_What the exercise asks_. Locate the line that contains "Catherine Bell stars" in the entries below, then repeat it and every following line through the line that contains "Weavers Villa PVC", exactly, and no others.

_Dataset entries_.

++++++++

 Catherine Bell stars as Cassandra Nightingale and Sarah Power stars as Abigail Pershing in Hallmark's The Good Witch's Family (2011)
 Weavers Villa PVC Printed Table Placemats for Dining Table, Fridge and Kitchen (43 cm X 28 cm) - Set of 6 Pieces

++++++++

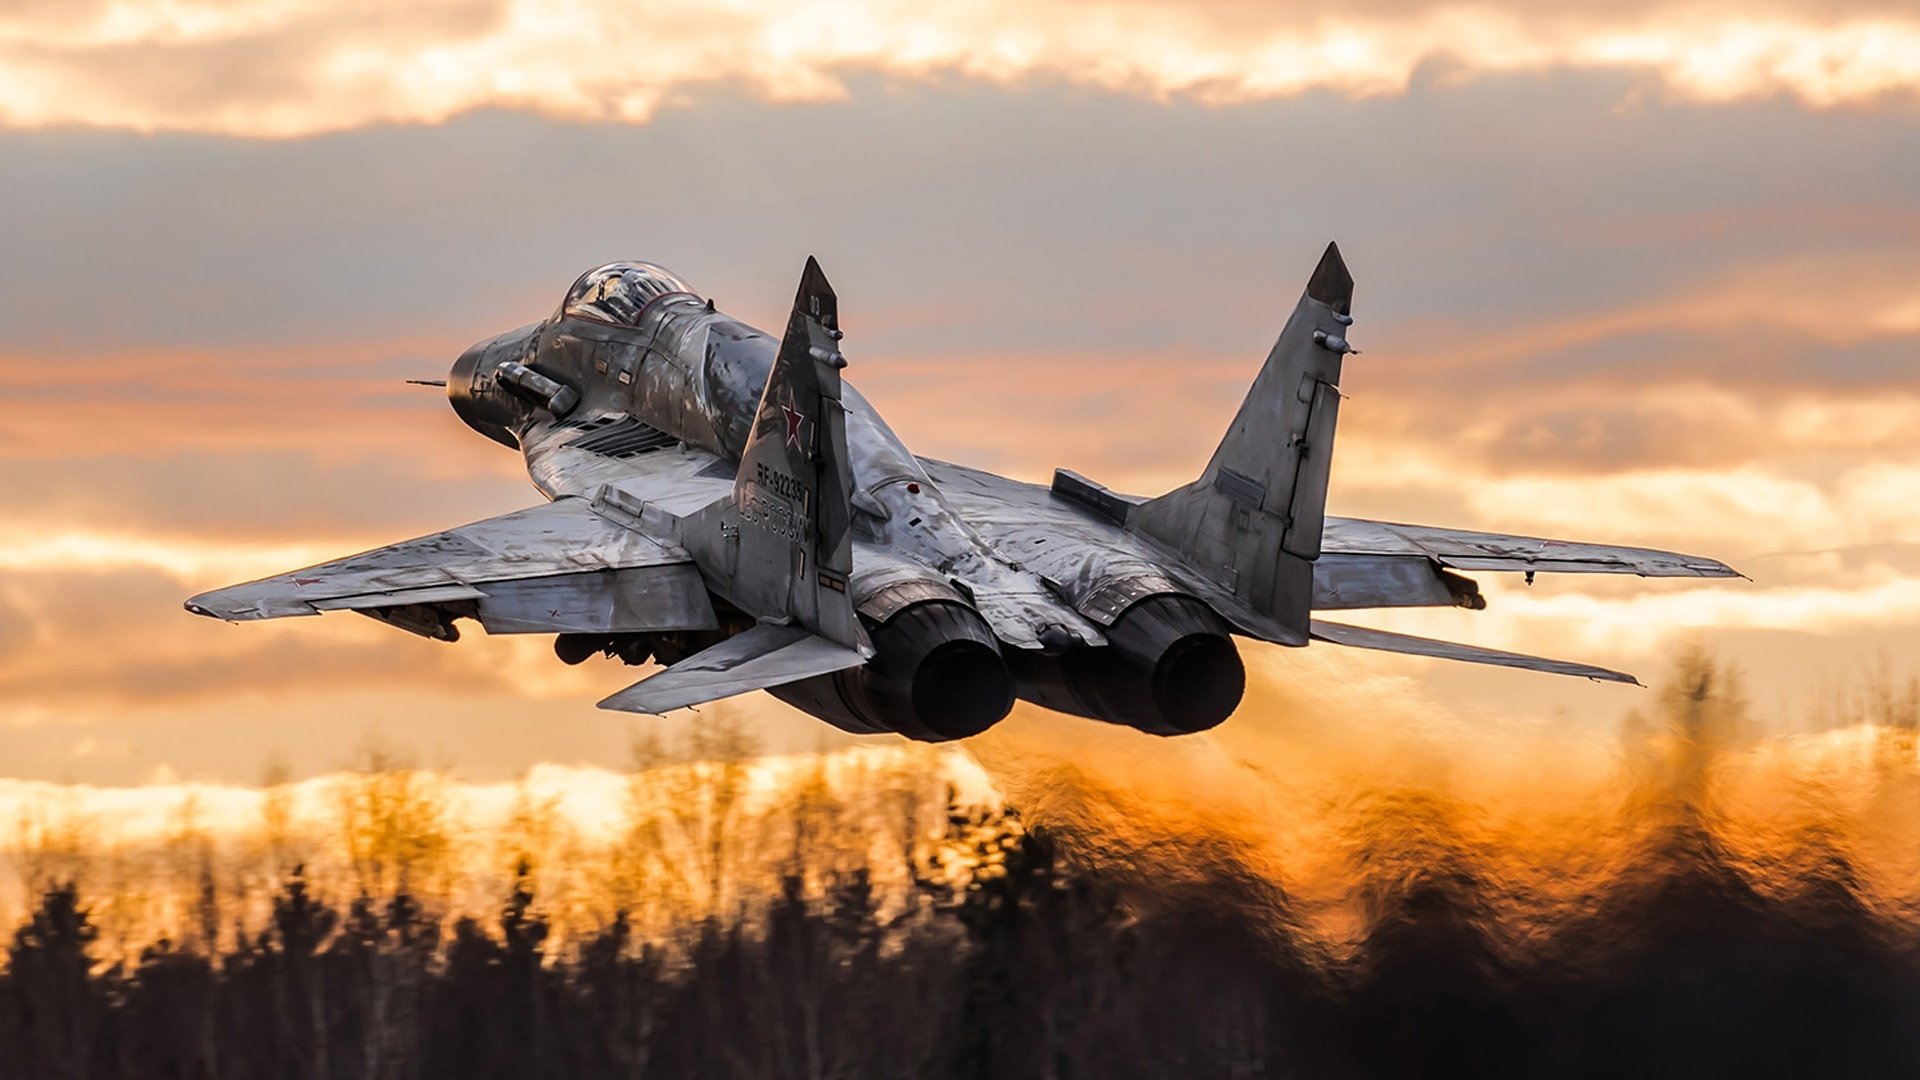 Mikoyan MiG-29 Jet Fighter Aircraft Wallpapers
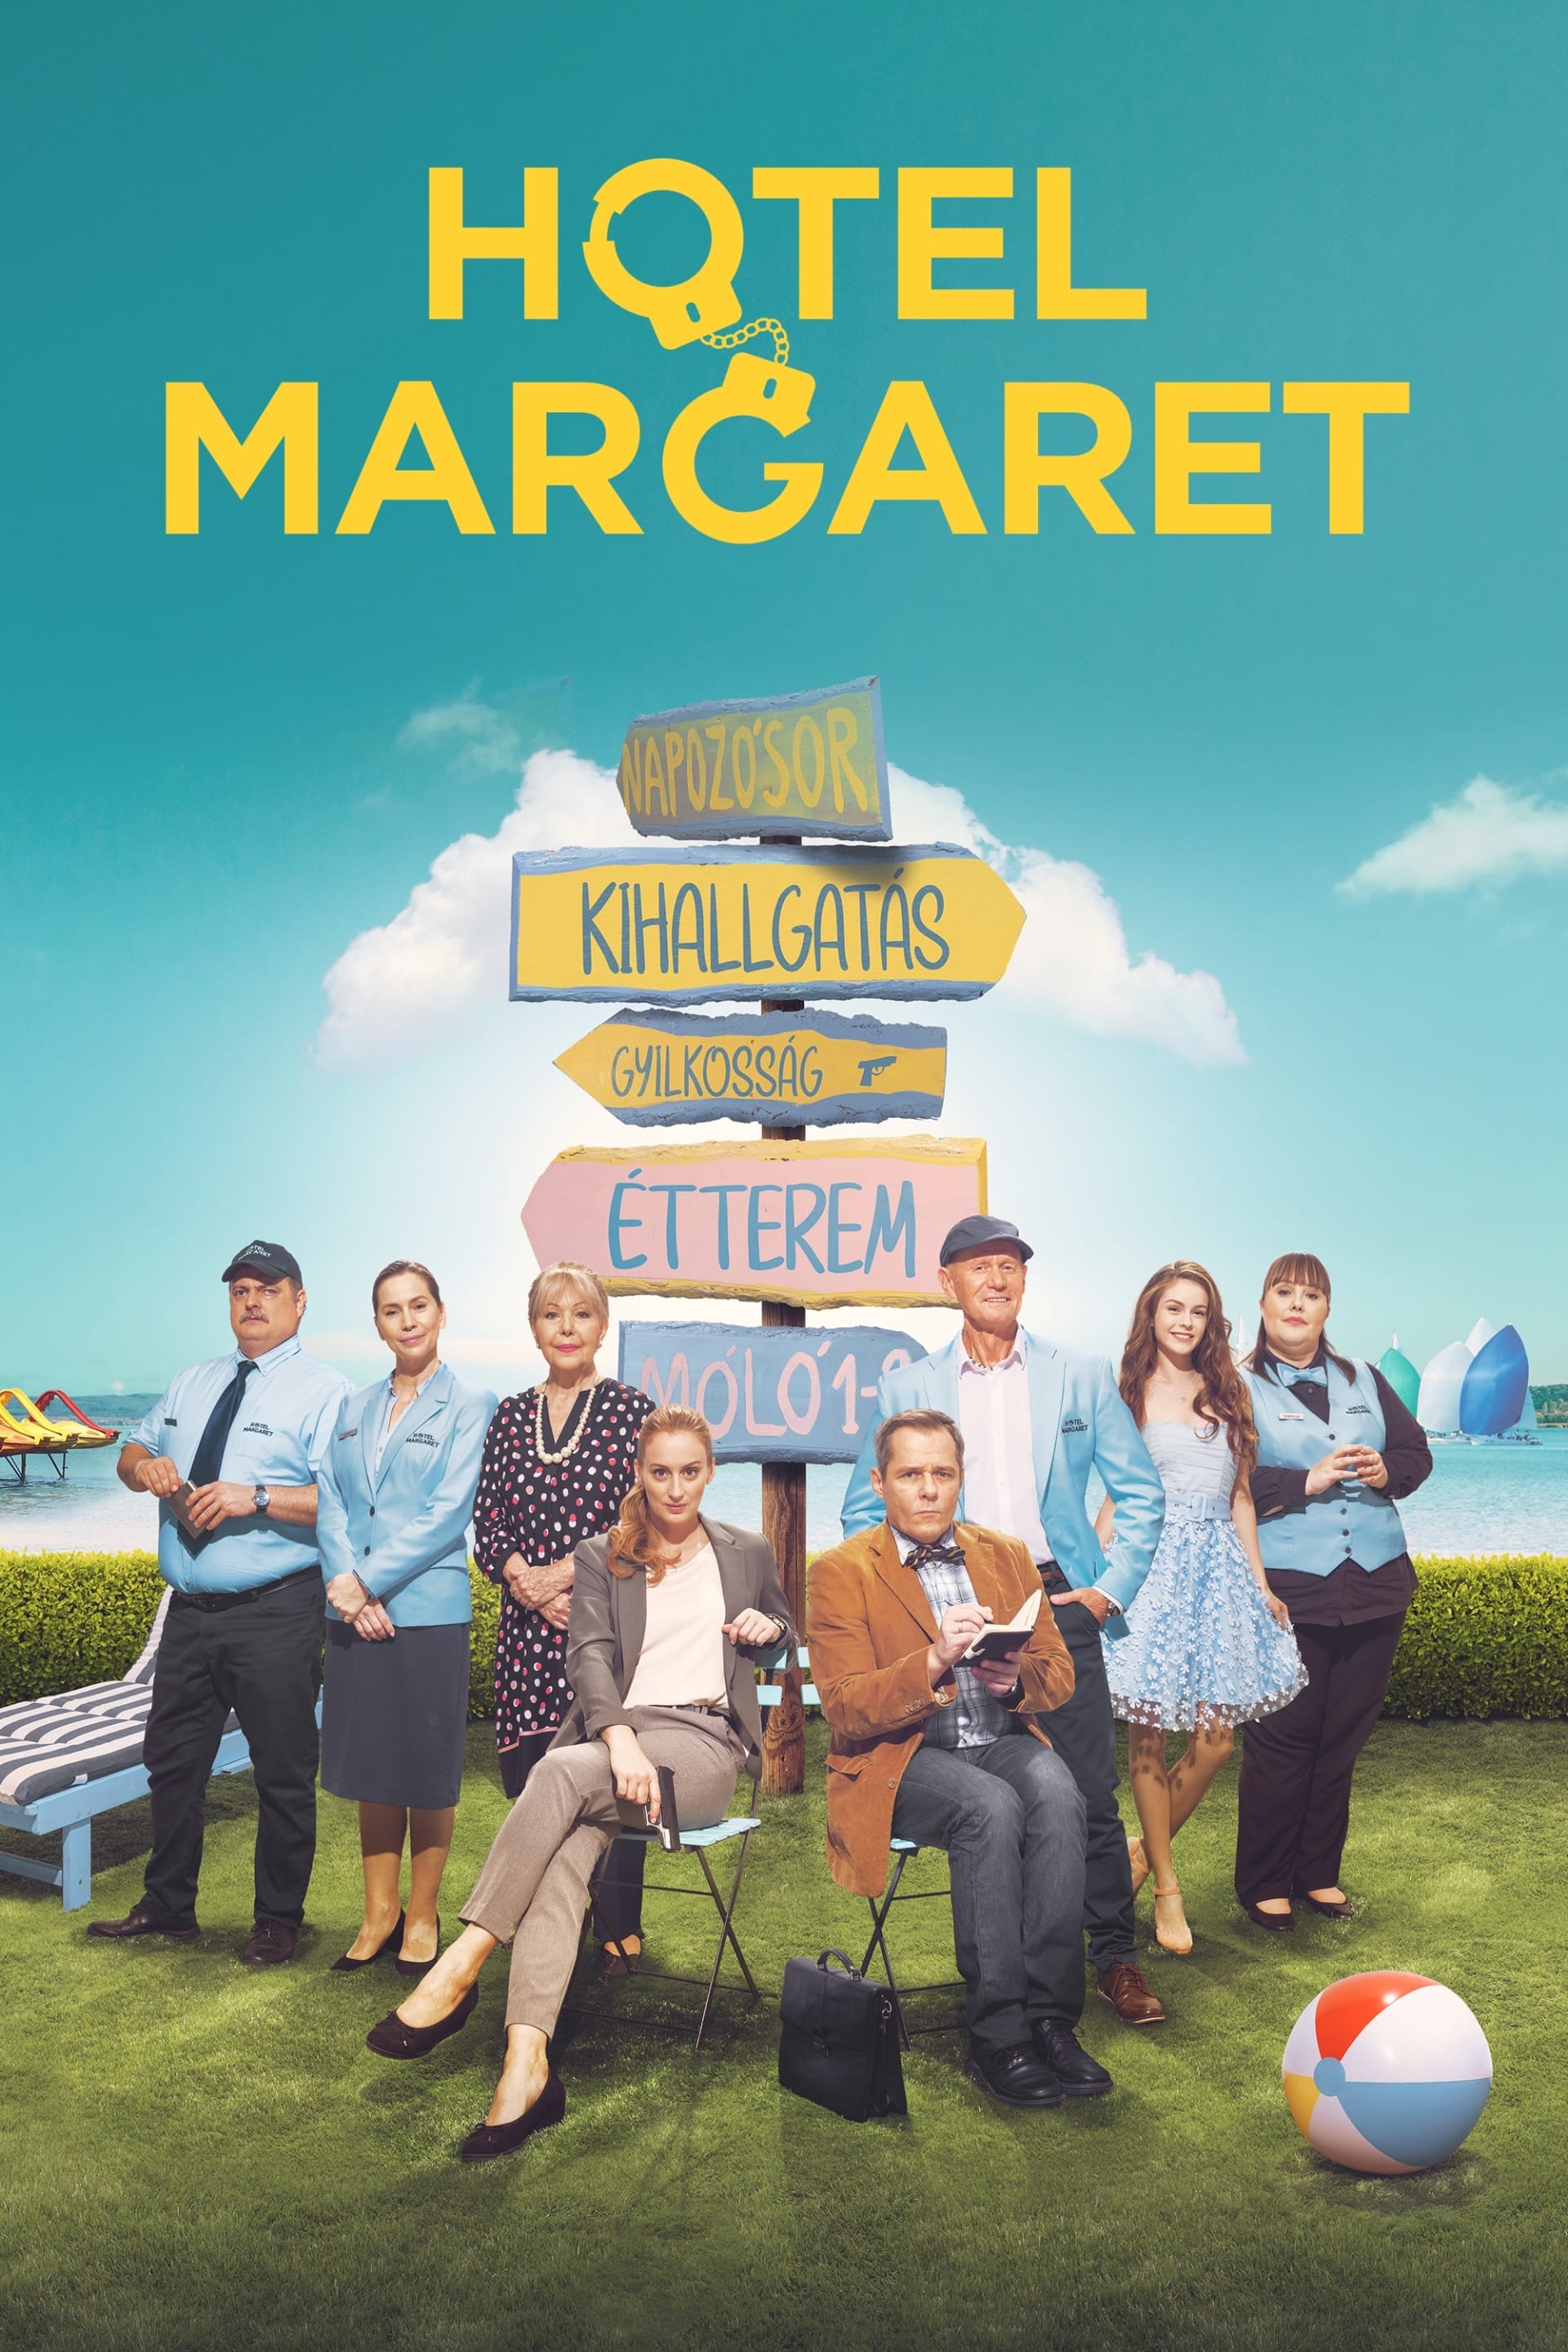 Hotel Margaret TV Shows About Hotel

++++++++

_Task response_.
 Catherine Bell stars as Cassandra Nightingale and Sarah Power stars as Abigail Pershing in Hallmark's The Good Witch's Family (2011)
 Weavers Villa PVC Printed Table Placemats for Dining Table, Fridge and Kitchen (43 cm X 28 cm) - Set of 6 Pieces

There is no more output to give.